Comment 5 Mark Peek freebsd_committer freebsd_triage 2017-06-15 16:16:59 UTC
Maxim, were you able to run the experiments, discuss with the pfSense team, and/or confirm the conclusions I added in comment #3? Just looking to see if this bug (and the linked VMware bug) can be closed out.
Comment 6 Maxim Masiutin 2017-06-15 17:05:35 UTC
I agree with your conclusions, but I didn't make the tests that you have suggested : (1. see good performance with LRO turned on and scp a large file to the appliance and 2. see ICMP "need to frag" with LRO turned on and scp to a machine on the remote side.)

Since when I use pfSense as a router, and when I ran speed tests on virtual machines that used pfSense as a router, and download speed almost didn't suffer, but upload speed dropped from around 400 MBps to around 0.5 MBps, I suspect that your conclusions are correct.

So I agree with you that it was a misconfiguration, not a bug.
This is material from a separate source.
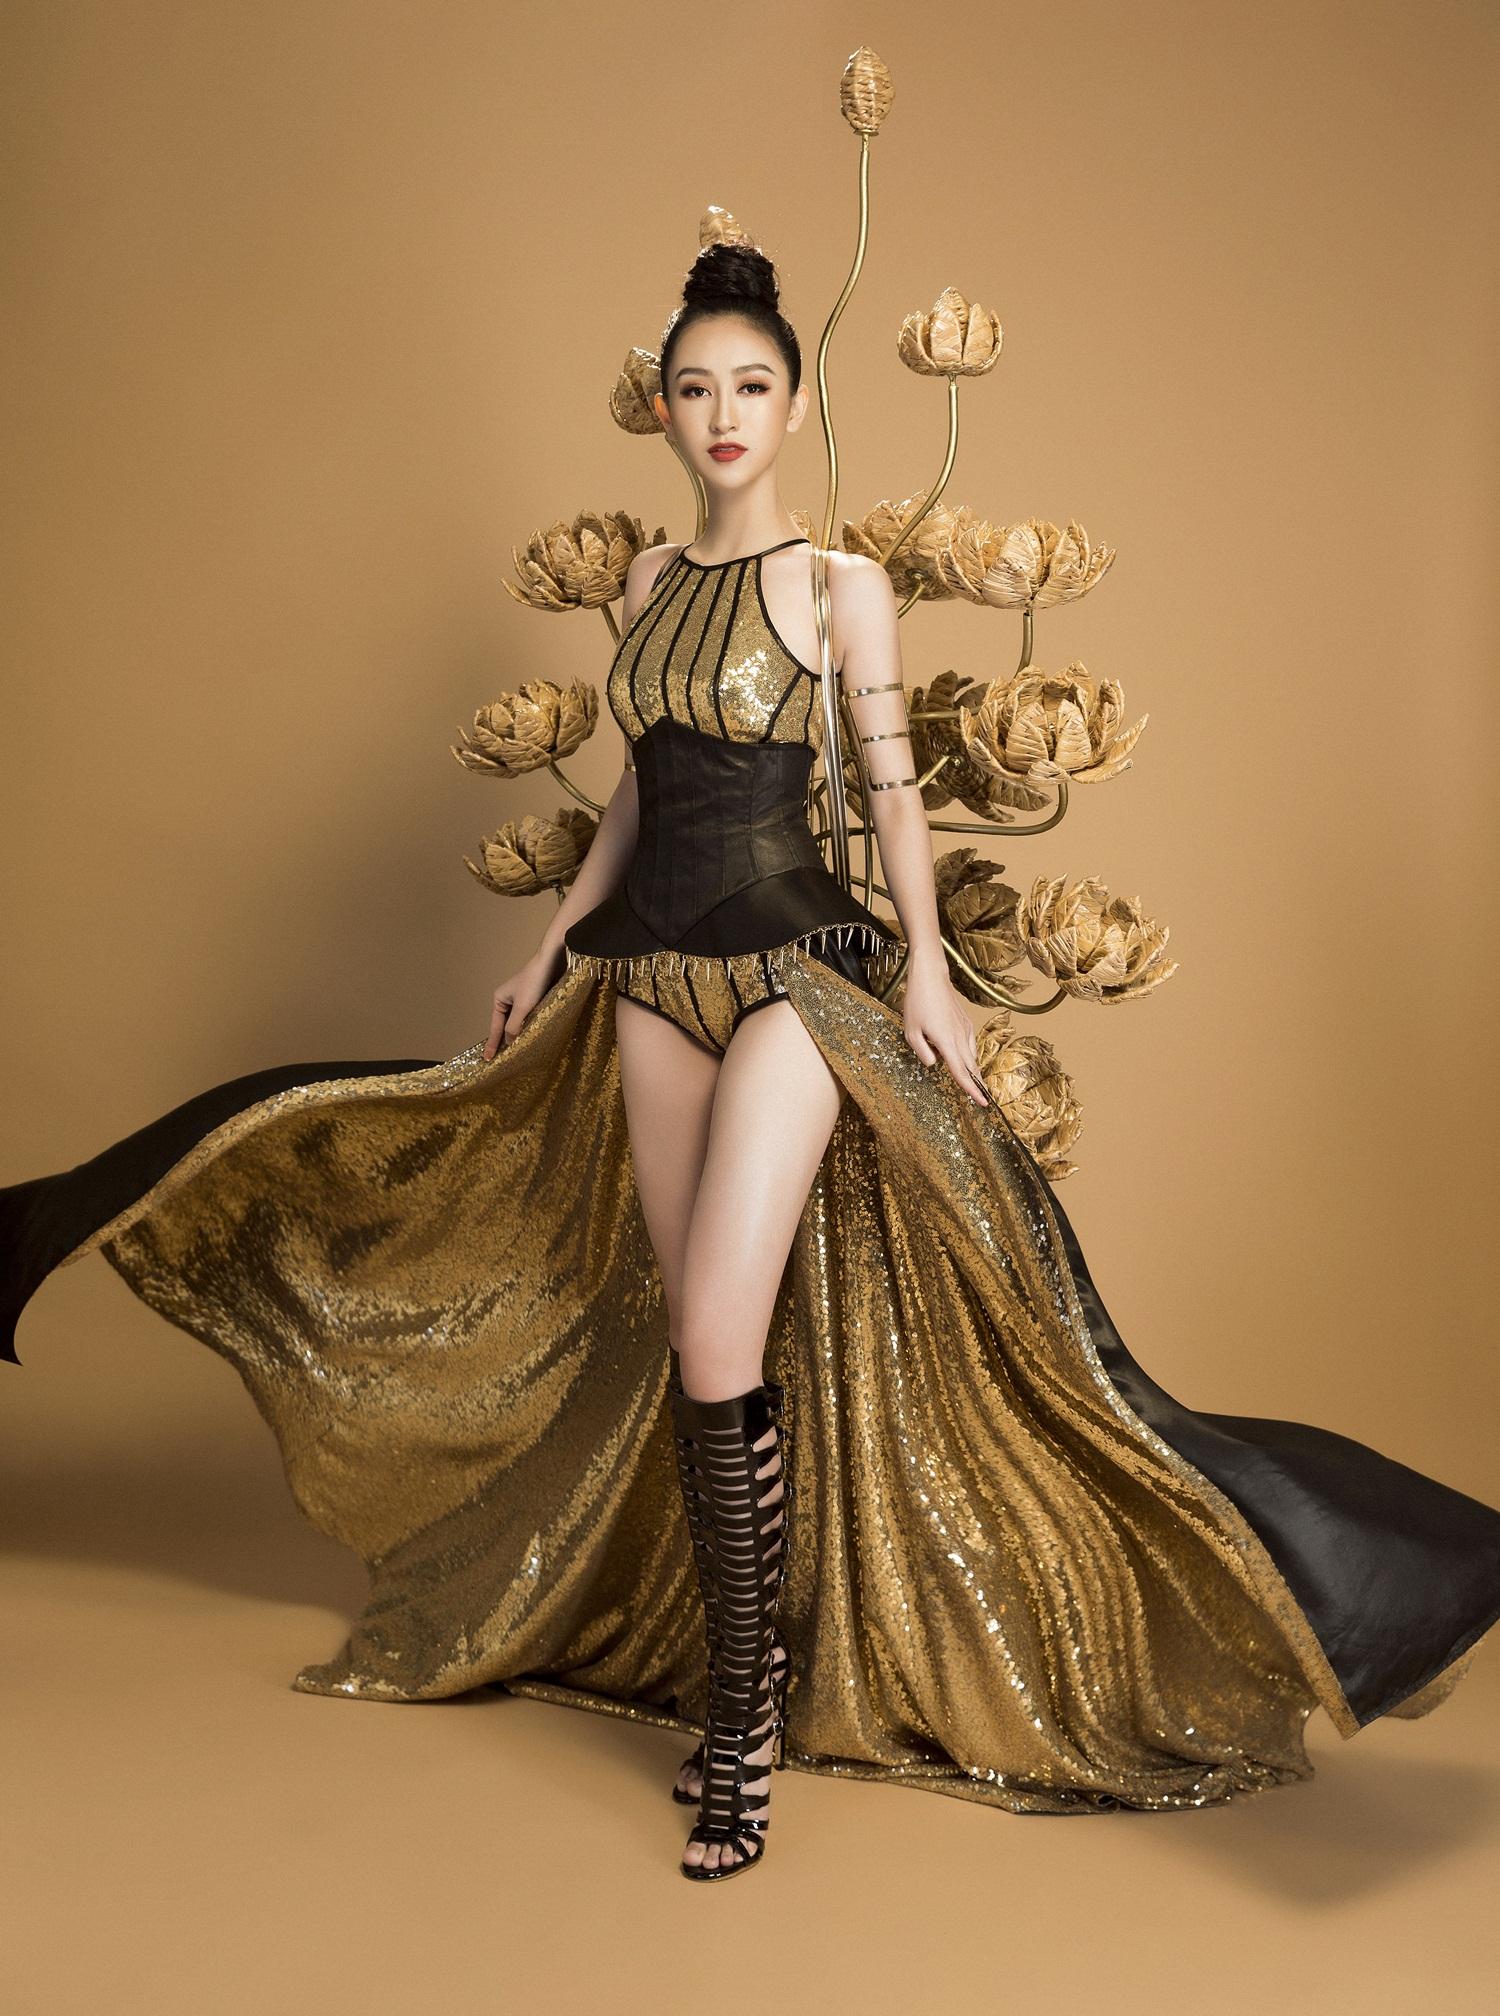 Không phải Áo dài, đây mới là trang phục truyền thống mà Hà Thu lựa chọn để tranh tài tại Miss Earth 2017 - Ảnh 8.

But I didn't make the tests that you have suggested.

I have contacted pfSense developers and asked them to change the notice in the configuration panel in pfSense. Currently, there is a notice saying that LRO is disabled by default because "most drivers have bugs". I have asked them to change this to "LRO should only be enabled on an end point". I am sure that the description of the LRO user interface was the cause of all problems that misled me.

I will watch future versions of pfSense and will remind them if they won't change the notice.

Don't get me wrong, I'm just a simple user, not a professional sysadmin, and I'm not skilled enough, for example, to see ICMP "need to frag" with LRO turned on and scp to a machine on the remote side.

I would have suggested to close this bugtracker entry.

Thank you very much again for your help.
Comment 7 Mark Peek freebsd_committer freebsd_triage 2017-06-19 15:47:22 UTC
Closing as not a bug. Per discussion, routing with LRO can cause packets to not be forwarded causing this decrease in performance.